B+ Trees are used in:
- MySQL InnoDB: Both primary and secondary indexes
- PostgreSQL: All indexes
- Oracle Database: Standard indexes
- SQLite: Primary indexes
- SQL Server: Clustered and non-clustered indexes
If you understand B+ Trees, you understand the foundation of how most databases work.
The Problem with Binary Search Trees
You might remember Binary Search Trees (BST) from computer science courses. They’re great for in-memory data structures with O(log N) search time.

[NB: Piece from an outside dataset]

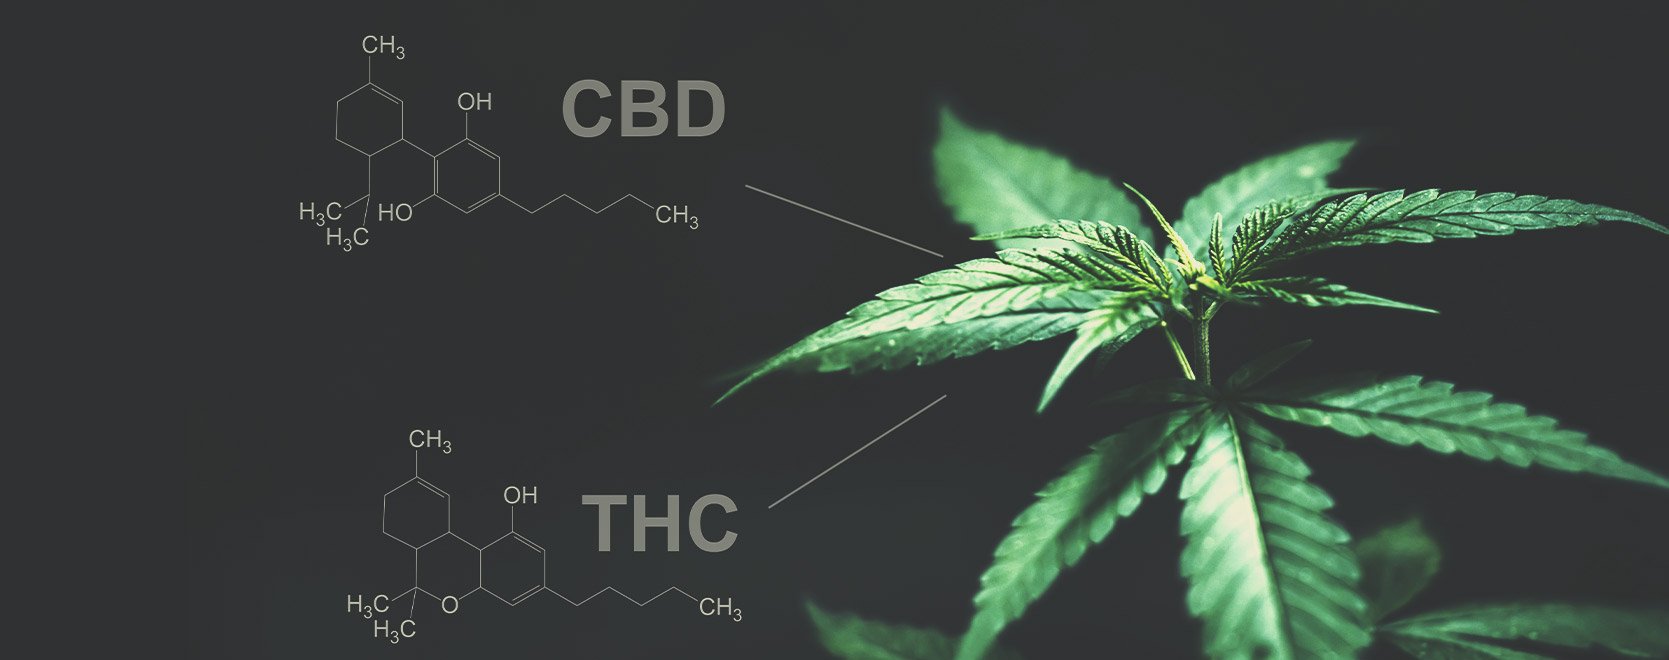 Is there any difference between THC and CBD in this regard?
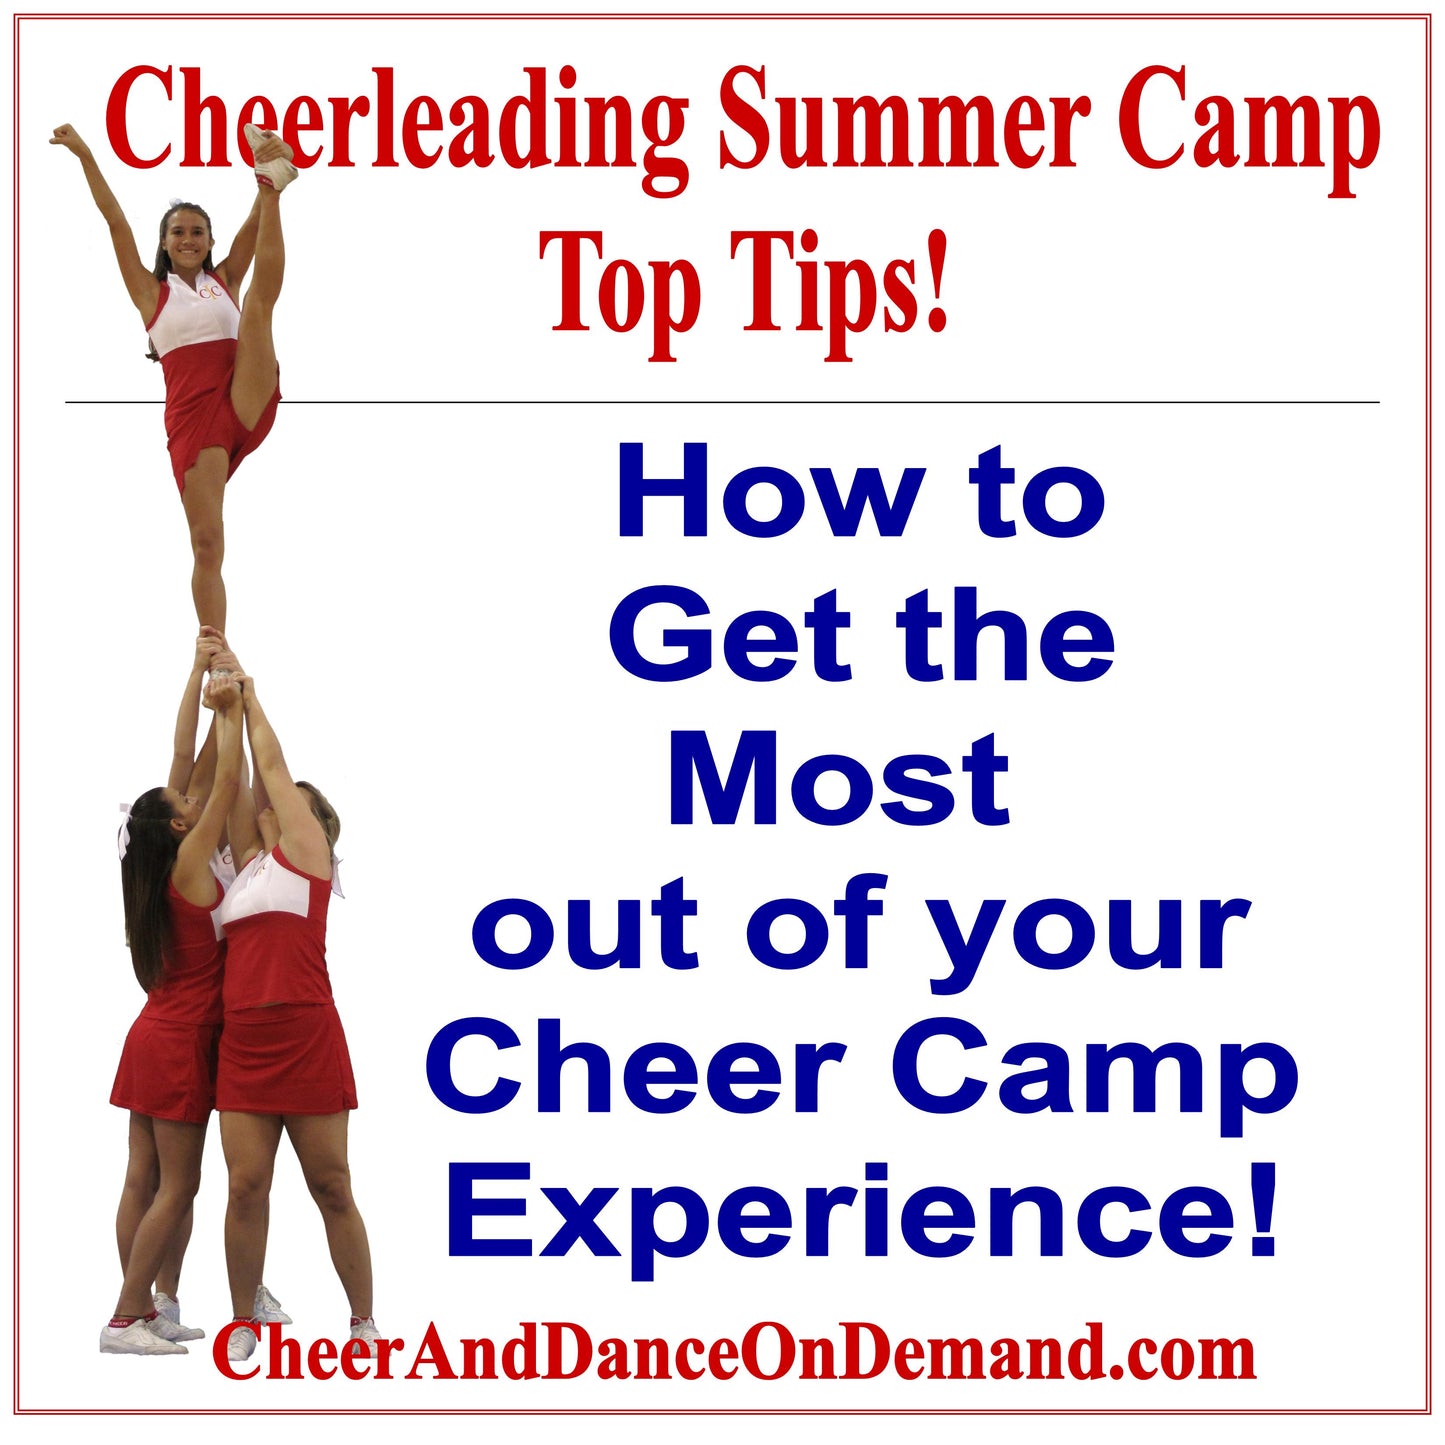 How to Make the Most of Your Cheerleading Summer Camp

But BSTs have fatal flaws for databases:
-
Balance Issues: BSTs can become unbalanced (skewed), degrading to O(N) in the worst case. While balanced variants like AVL trees exist, they require frequent rebalancing.
-
Disk I/O Nightmare: BST nodes are small - typically holding one key and two child pointers. Since databases read data in 8KB-16KB pages, reading a tiny BST node wastes most of each page read. Traversing from root to leaf might require 20-30 page reads for a million-record table, where each page contains only a single tiny node. At ~1ms per random disk read (HDD), that’s 20-30ms per query - and you’re wasting 99% of the data in each page you read!
-
Poor Locality: BST nodes are scattered in memory/disk, making it impossible to leverage sequential I/O or CPU cache.
Important
The Real Cost: At database scale, the number of disk I/O operations matters far more than the mathematical complexity. A structure that reads 4 pages is infinitely better than one that reads 20 pages, even if both are O(log N).
Enter the B-Tree
B-Trees were invented in 1970 specifically for databases and file systems. The key insight: make nodes much larger to match disk page sizes.
Key Characteristics
- Fat Nodes: Each node can have hundreds or even thousands of children (not just 2!)
- Shallow Trees: A B-Tree of height 3 can store millions of records
- Page-Aligned: Each node is typically 4KB, 8KB, or 16KB - exactly one disk page
- Balanced: All leaf nodes are at the same depth
Example: A B-Tree with 100-way branching (each node has up to 100 children) and height 3 can store 100³ = 1 million keys. That’s only 3 disk reads to find any record!
B+ Trees: The Database Standard
Most modern databases actually use B+ Trees, a variant of B-Trees with crucial improvements:
Key Differences from B-Trees
| Feature | B-Tree | B+ Tree |
|---|---|---|
| Data Storage | Internal and leaf nodes | Only in leaf nodes |
| Leaf Linkage | No links | Leaves linked as doubly-linked list |
| Node Capacity | Lower (stores data) | Higher (only stores keys) |
| Range Queries | Tree traversal required | Simple linked list scan |
Tip
Why B+ Trees Win: By storing data only in leaves, internal nodes can fit more keys, making the tree even shallower. The linked leaves make range queries blazingly fast.
Range Query Example
Consider finding all users with age between 21 and 30:
B-Tree Approach:
- Find the first record (age = 21) via tree traversal
- Perform in-order traversal jumping up and down the tree for each next record
- Inefficient and requires many disk seeks
B+ Tree Approach:
- Find the first record (age = 21) via tree traversal
- Follow the linked list of leaf nodes to get all subsequent records
- Efficient sequential I/O - extremely fast!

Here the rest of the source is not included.